Roy Scheider, “Jaws”

Image of a shark at a computerMaybe a disk drive is starting to get full.  Maybe backups take too long to run.  Whatever the reason, sometimes it’s nice to know what is using up all of that database space.  There are two ways to figure out which tables are to blame – one is from inside Microsoft Dynamics NAV, and the other is using SQL Server Management Studio.

Option 1:  Inside NAV

NAV has several hidden tables, numbered in the 20 million range.  One of these is table 2000000028, named Table Information.  You can create a new Page or Form that sits on top of that table, and that’s all there is to it!  You can even apply a filter on the Size (KB) field.

Screenshot of Database Spaced Used from inside NAV

Figure 1 – Screenshot of Database Spaced Used from inside NAV

This particular solution works whether you are using SQL or the old-school NAV database server (why are you still doing that?  Switch to SQL!)  Do note however, that the table size you see here is for the data only.  If you total it up, it will be smaller than the actual database file size because it doesn’t include keys, indexes, and transaction log space.

Option 2:  Using SQL Server Management Studio (SSMS)

SQL has a canned report that can show you space used.  In SQL Server Management Studio (SSMS), right click on the NAV database, click Reports, then choose Disk Usage by Top Tables.

Screenshot of SSMS Disk Usage by Top Tables menu

Figure 2 – Screenshot of SSMS Disk Usage by Top Tables menu

This output is similar to the NAV option, sorted by size descending.
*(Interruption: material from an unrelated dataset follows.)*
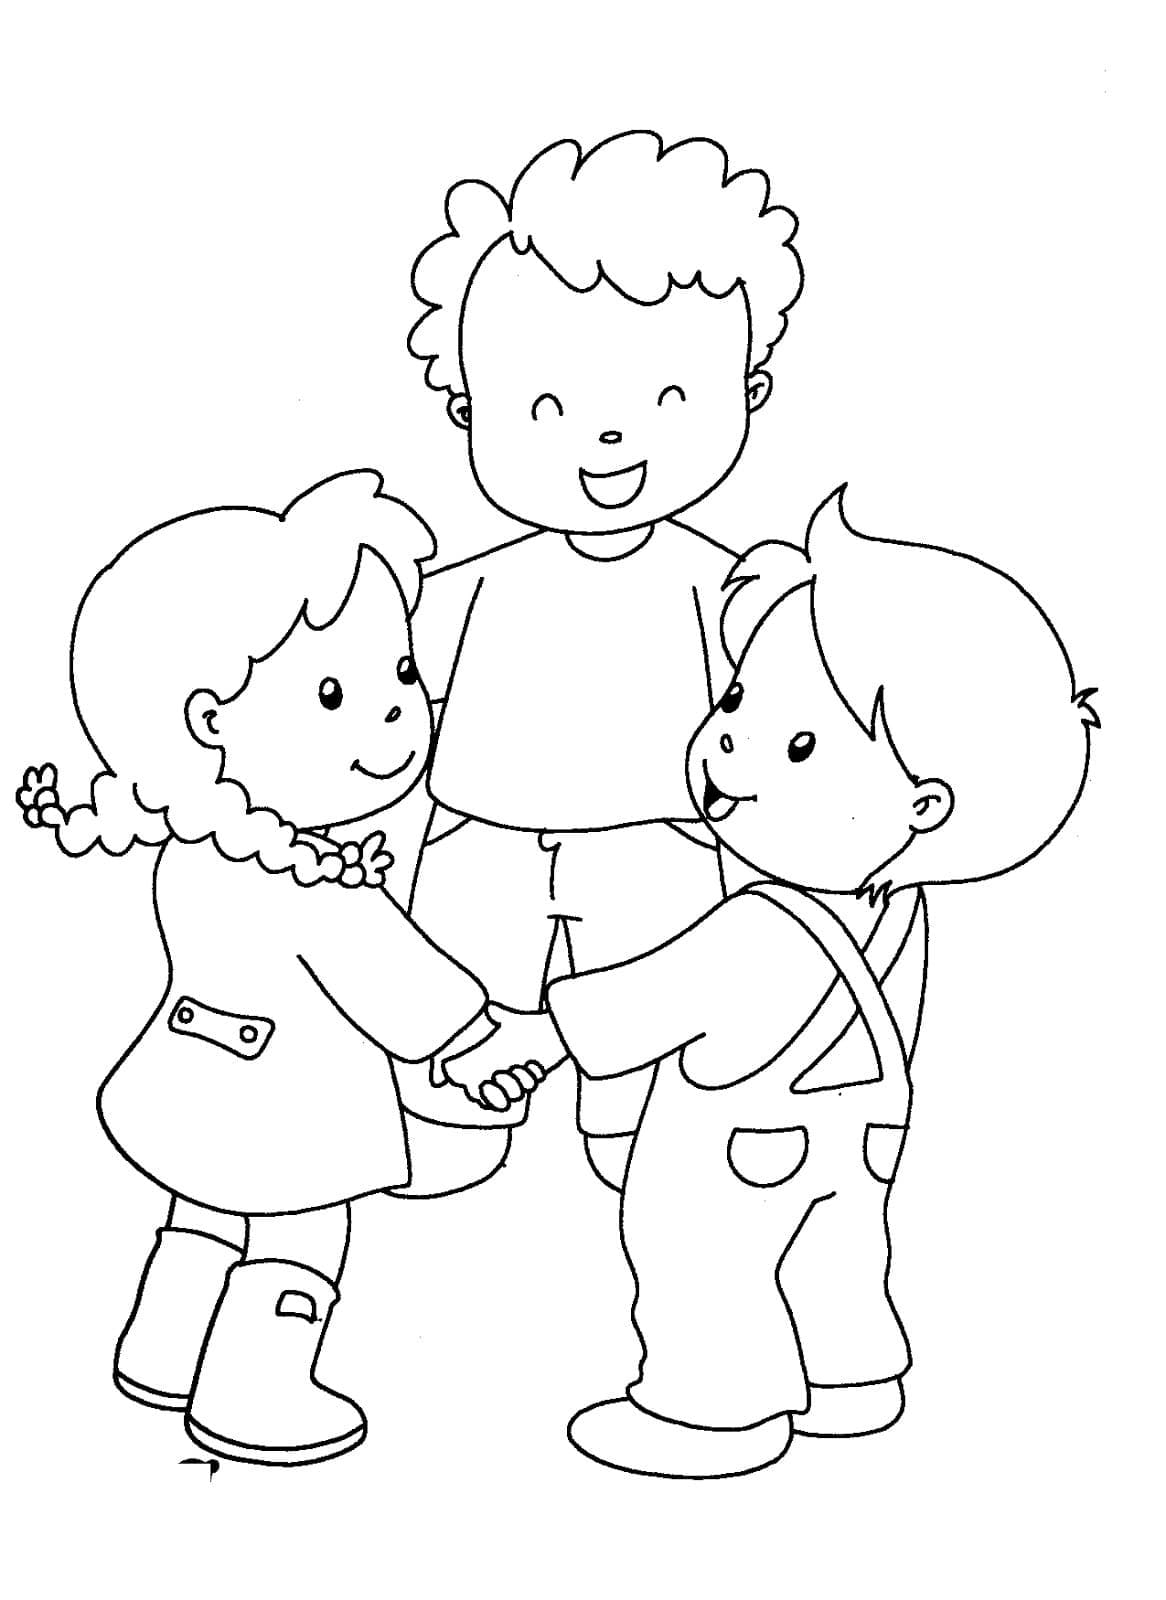 Trois Petits Amis coloring page

Screenshot of the SSMS Disk Usage by Top Tables report

Figure 3 – Screenshot of the SSMS Disk Usage by Top Tables report

I am not going to talk about what to do to reduce your database size, but I will caution you: do not just start deleting things.  Consult with your NAV Partner and come up with a plan.  It’s my opinion that it makes more sense to throw disk drives at the problem since they are so cheap these days (I will cover how to move SQL data around in a future blog).  Even if your NAV Partner does advise deleting some data, make sure that is done through NAV and not directly from SQL so that NAV business rules are obeyed; use your superpowers for good, not evil.

There are also settings inside NAV, such as costing method, posting expected cost to the G/L, and change log being enabled that can affect how quickly your database grows.  I’m more of a technical person than a functional one, but I encourage you to visit Bob Bergman’s Blog about costing, and to discuss some of these settings with your NAV Partner.